# Lightweight Fine Tuning

This project will load a pre-trained model and evaluate it's performance, perform parameter-efficient fine-tuning using the pre-trained model, and perform inference using the fine-tuned model, finally comparing its performance to the original model. 

- **PEFT Technique**:
    - Parameter Efficient Fine Tuning Methods
    - This project will use LoRA: [Low-Rank Adaptation of Large Language Models](https://arxiv.org/abs/2106.09685)
- **Model**:
    - GPT-2: [OpenAI's open source Generative Pre-trained Transformer](https://huggingface.co/openai-community/gpt2)
- **Evaluation Approach**:
    - The `evaluate` method with a Hugging Face `Trainer` will be used.
    - The key requirement for the evlauation is that 
- **Dataset**:
    - [Wikitext2](https://huggingface.co/datasets/mindchain/wikitext2): The WikiText language modeling dataset is a collection of over 100 million tokens extracted from the set of verified Good and Featured articles on Wikipedia.
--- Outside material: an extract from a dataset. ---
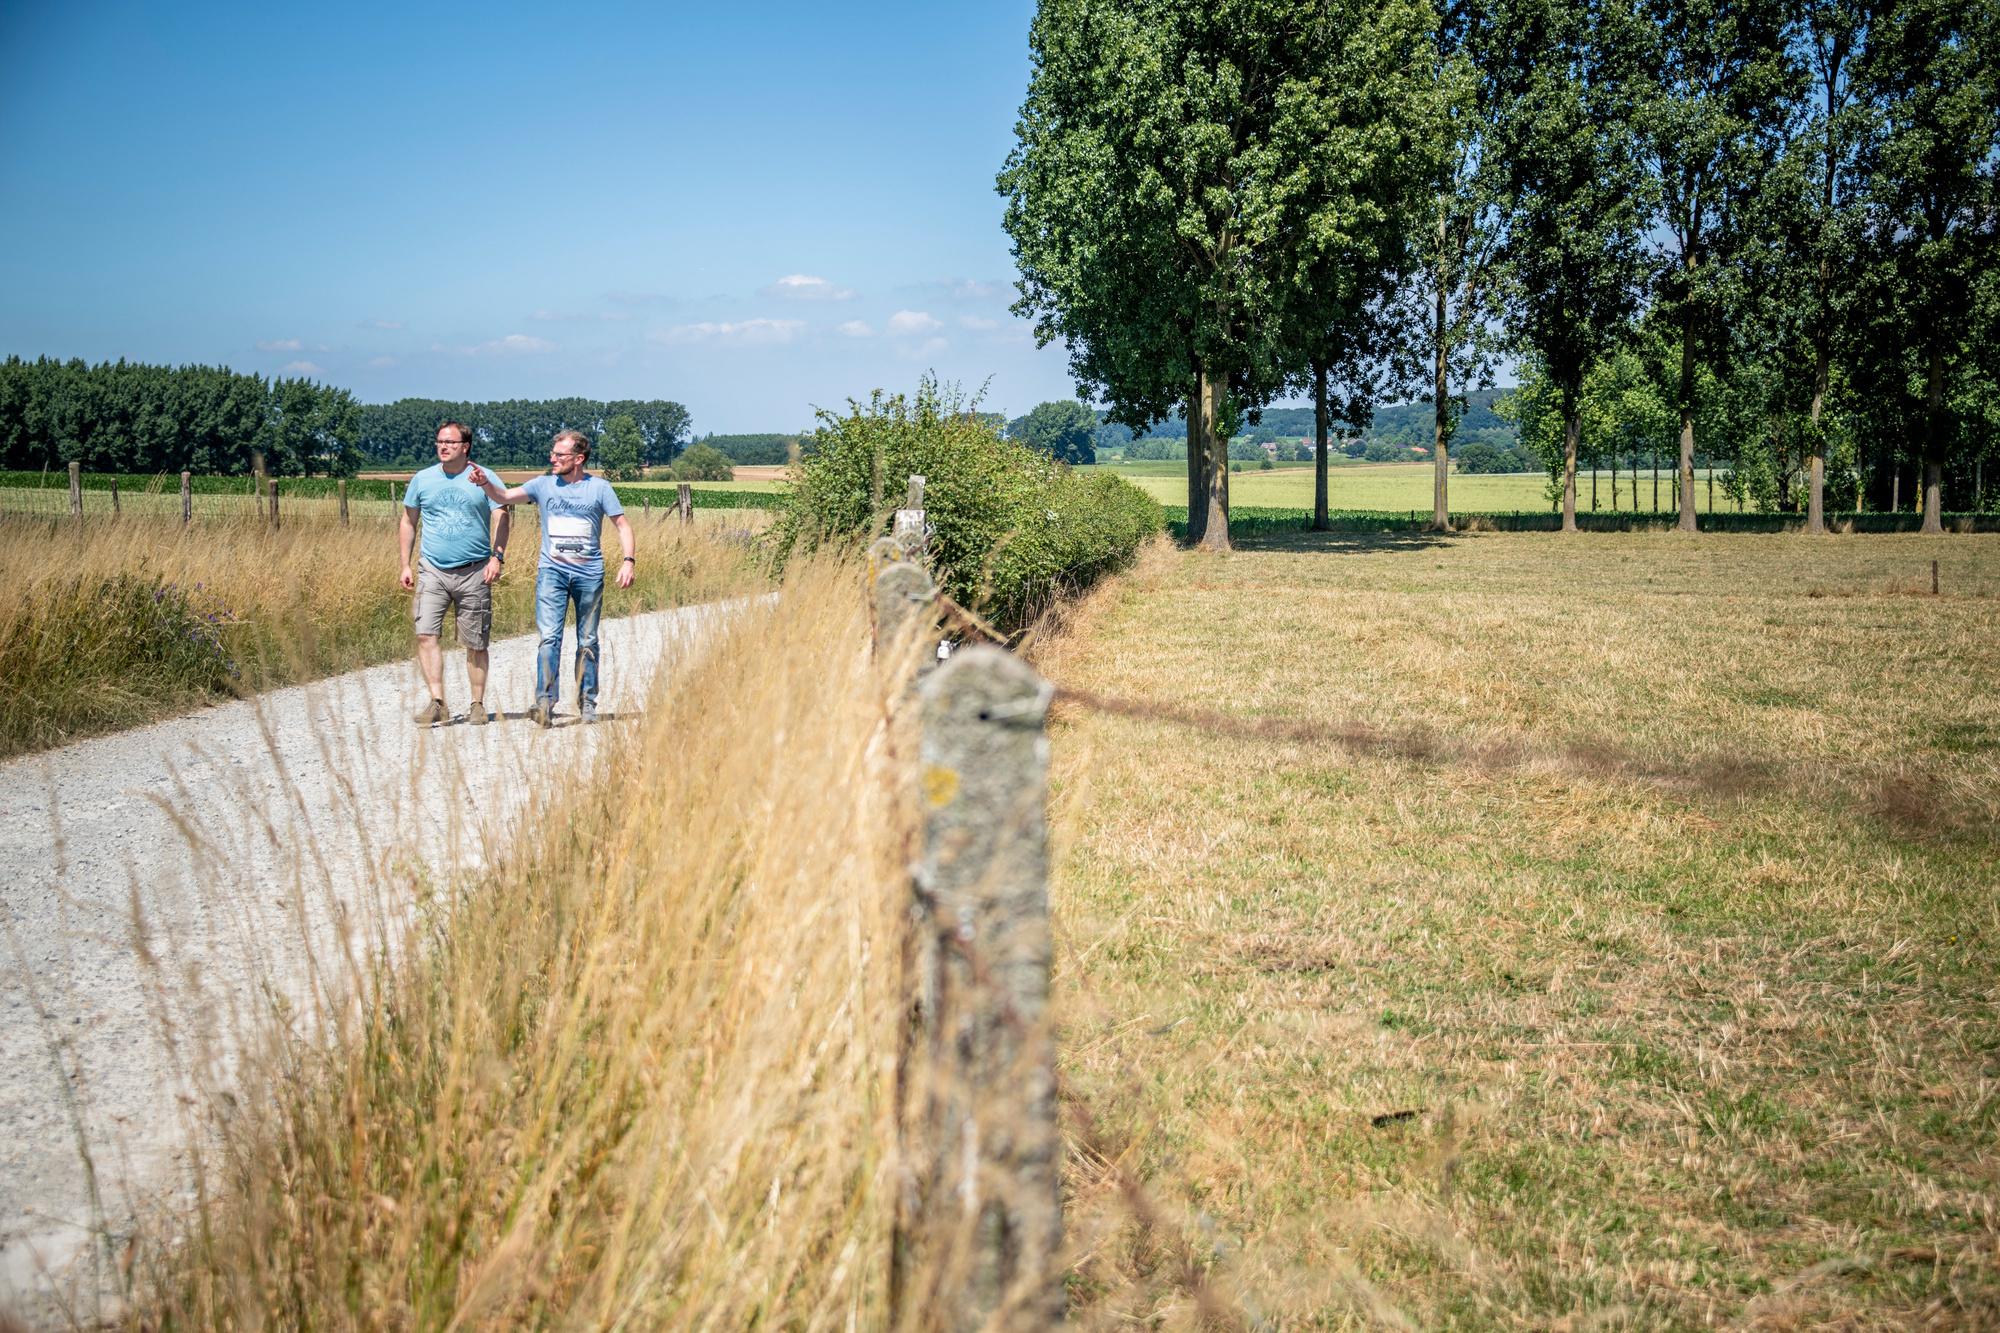 Lander Loeckx-Toerisme Vlaams-Brabant

The dataset is available under the Creative Commons Attribution-ShareAlike License.

## Training with PEFT

### Importing the modules

In [None]:
from transformers import AutoTokenizer, AutoModelForCausalLM
from peft import get_peft_model, LoraConfig, TaskType, AutoPeftModelForCausalLM
from datasets import load_dataset
from transformers import Trainer, TrainingArguments
from torch.utils.data import DataLoader
from transformers import default_data_collator, Trainer

### Setup the Model and Tokenizer

In [None]:
tokenizer = AutoTokenizer.from_pretrained("openai-community/gpt2")
model = AutoModelForCausalLM.from_pretrained("openai-community/gpt2")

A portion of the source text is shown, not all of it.